-- What you need to do --
From the first line of the listing to the last, set down everything exactly, but skip the images.
(Beginning of Exercise data)
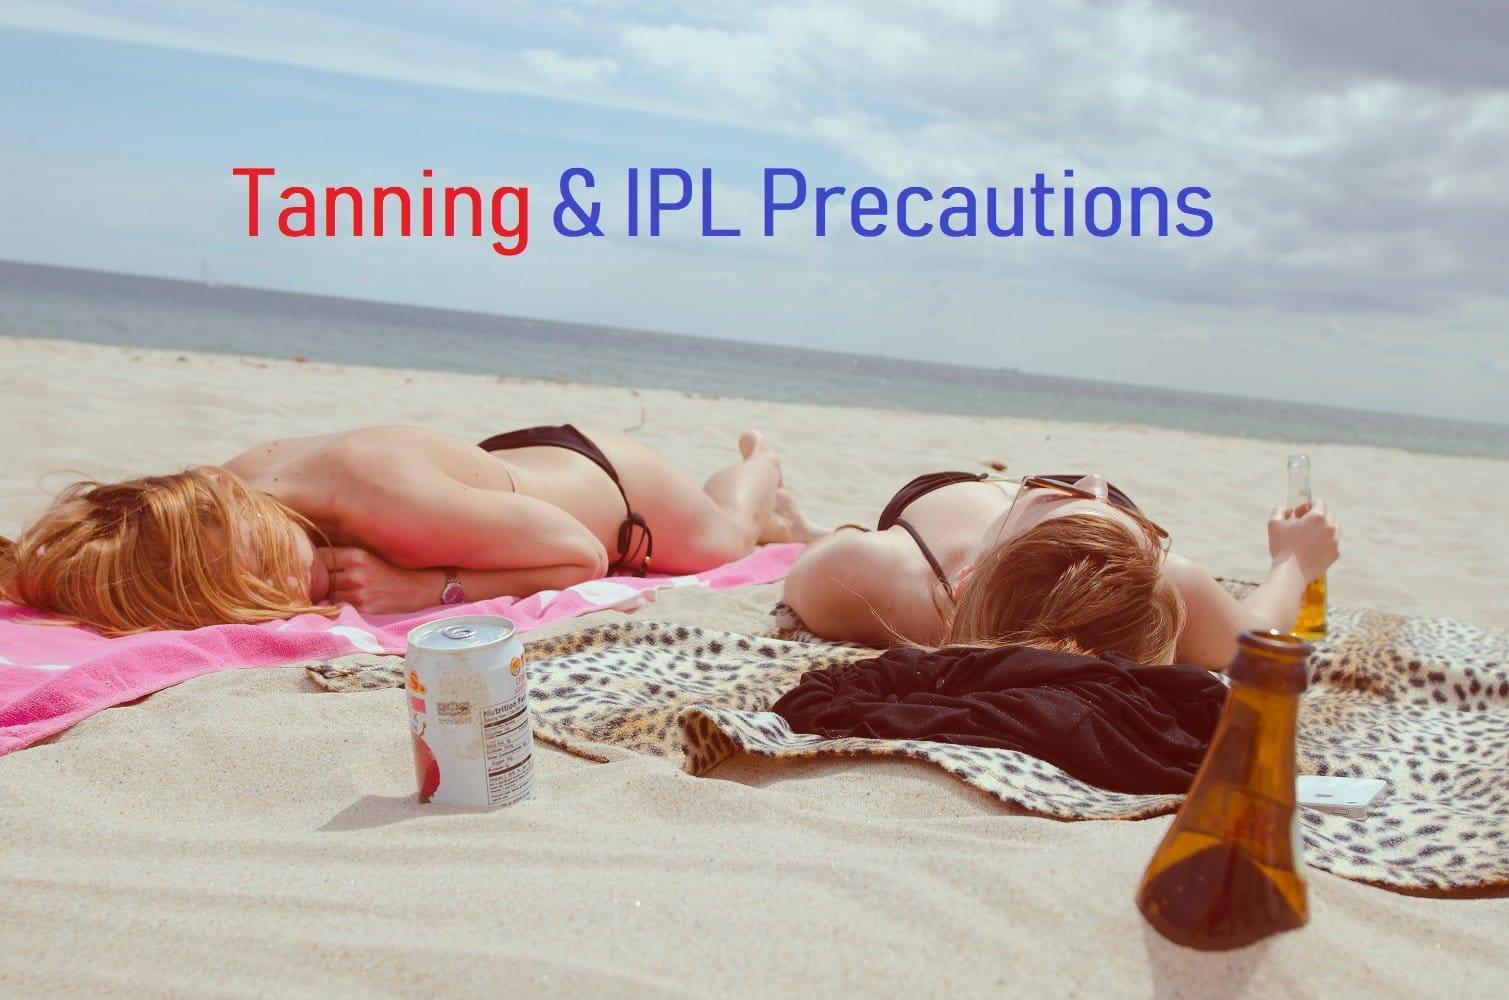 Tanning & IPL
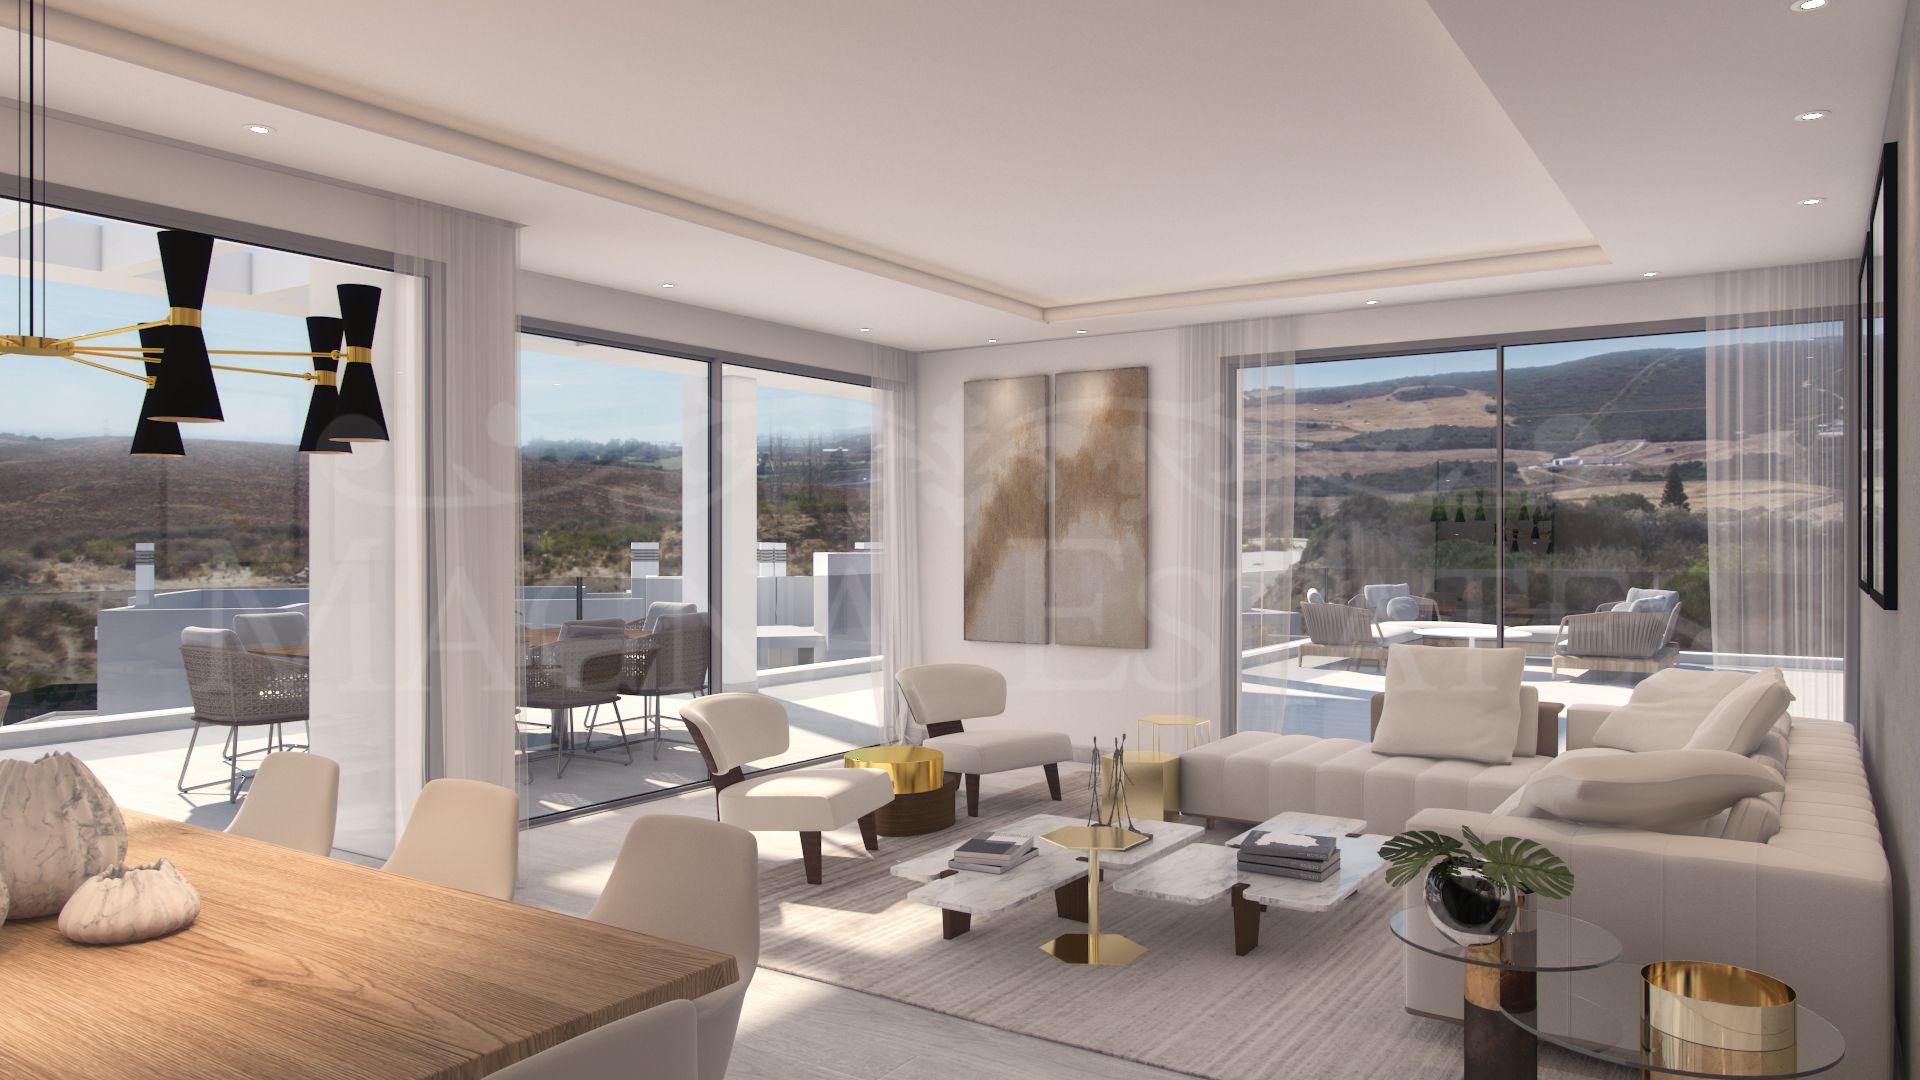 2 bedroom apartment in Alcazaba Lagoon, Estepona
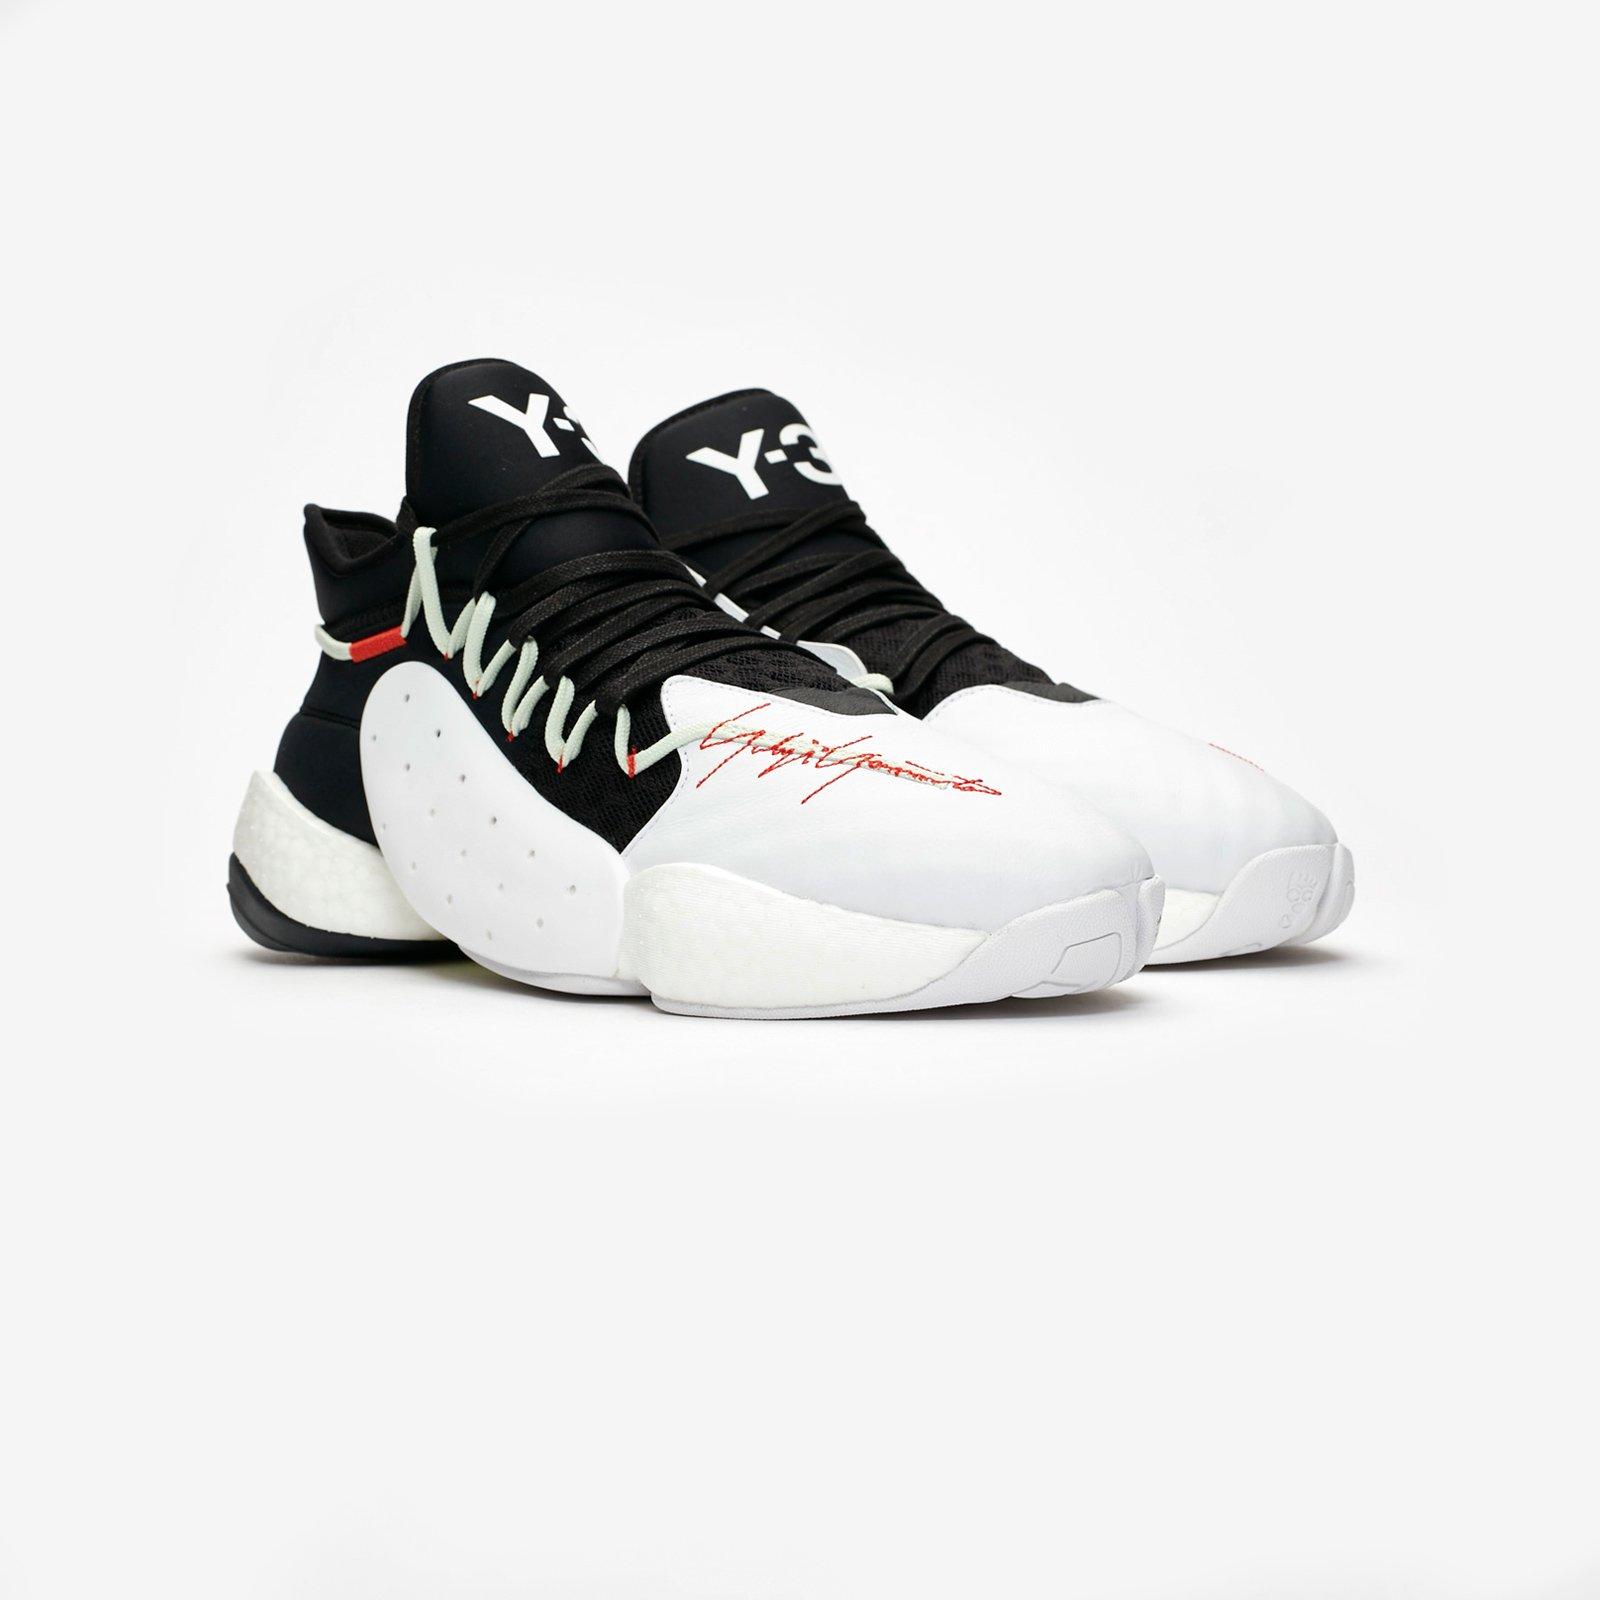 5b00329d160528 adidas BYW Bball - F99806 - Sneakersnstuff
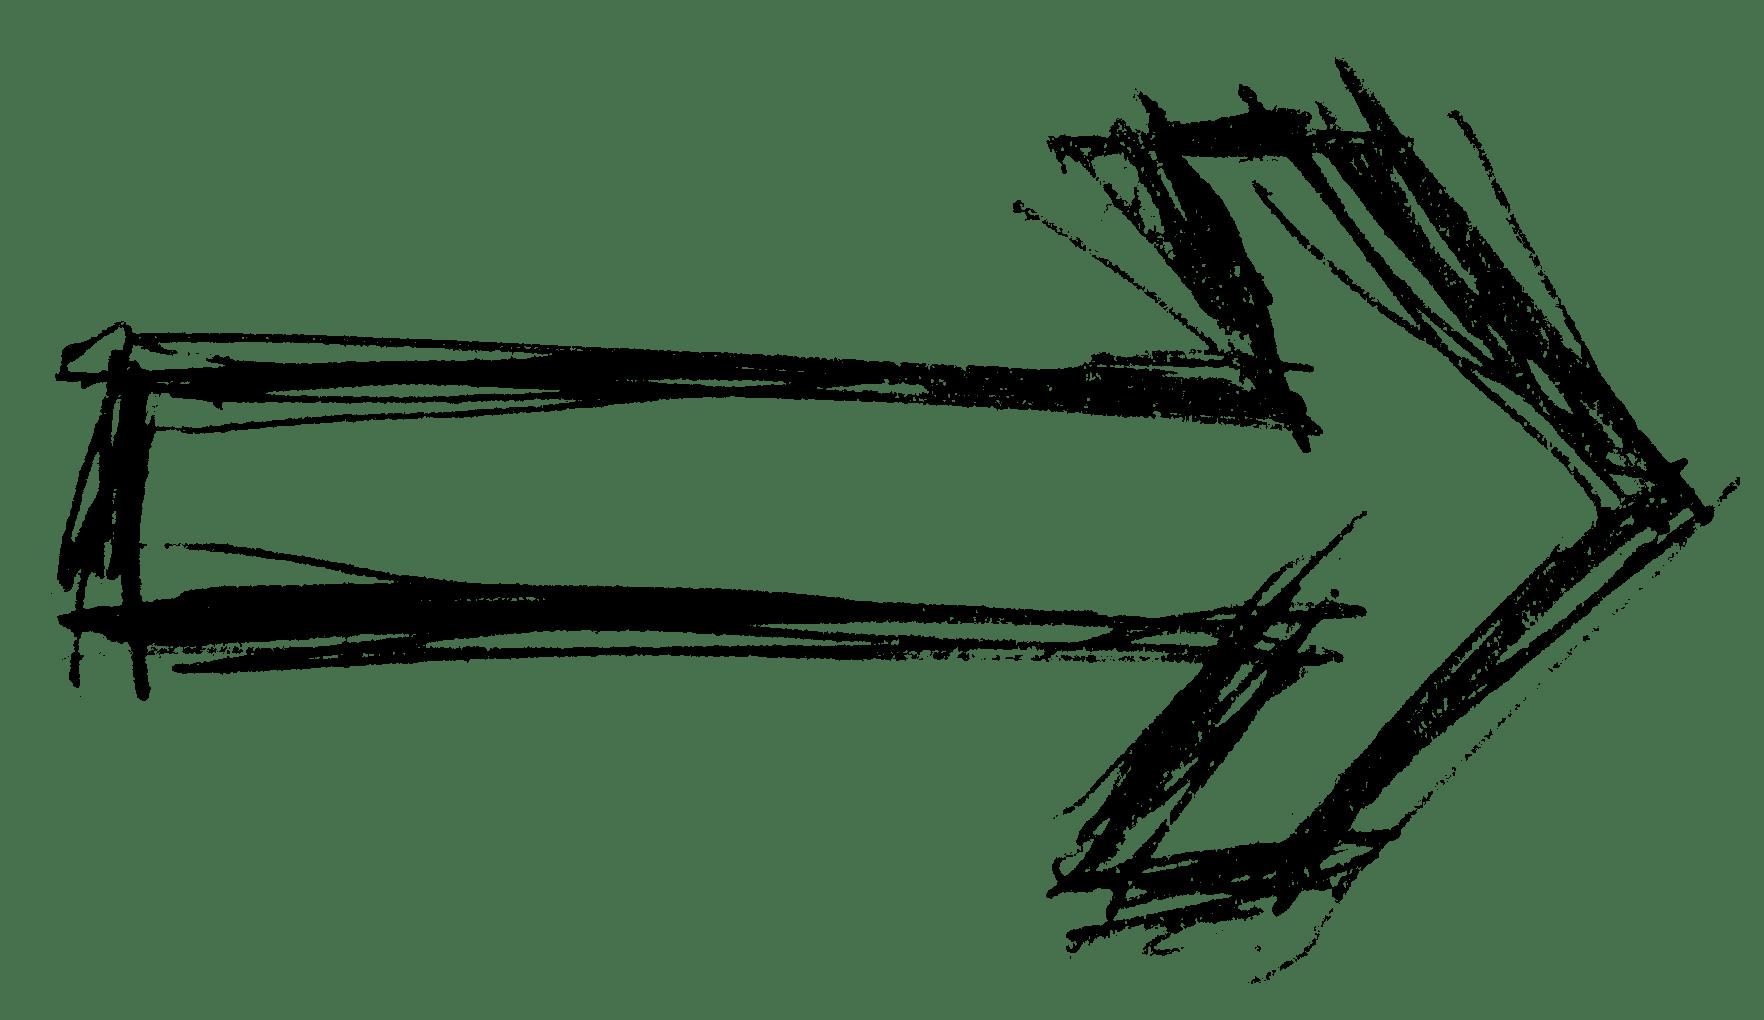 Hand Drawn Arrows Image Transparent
(End of Exercise data)
-- Task result --
 Tanning & IPL
 2 bedroom apartment in Alcazaba Lagoon, Estepona
 5b00329d160528 adidas BYW Bball - F99806 - Sneakersnstuff
 Hand Drawn Arrows Image Transparent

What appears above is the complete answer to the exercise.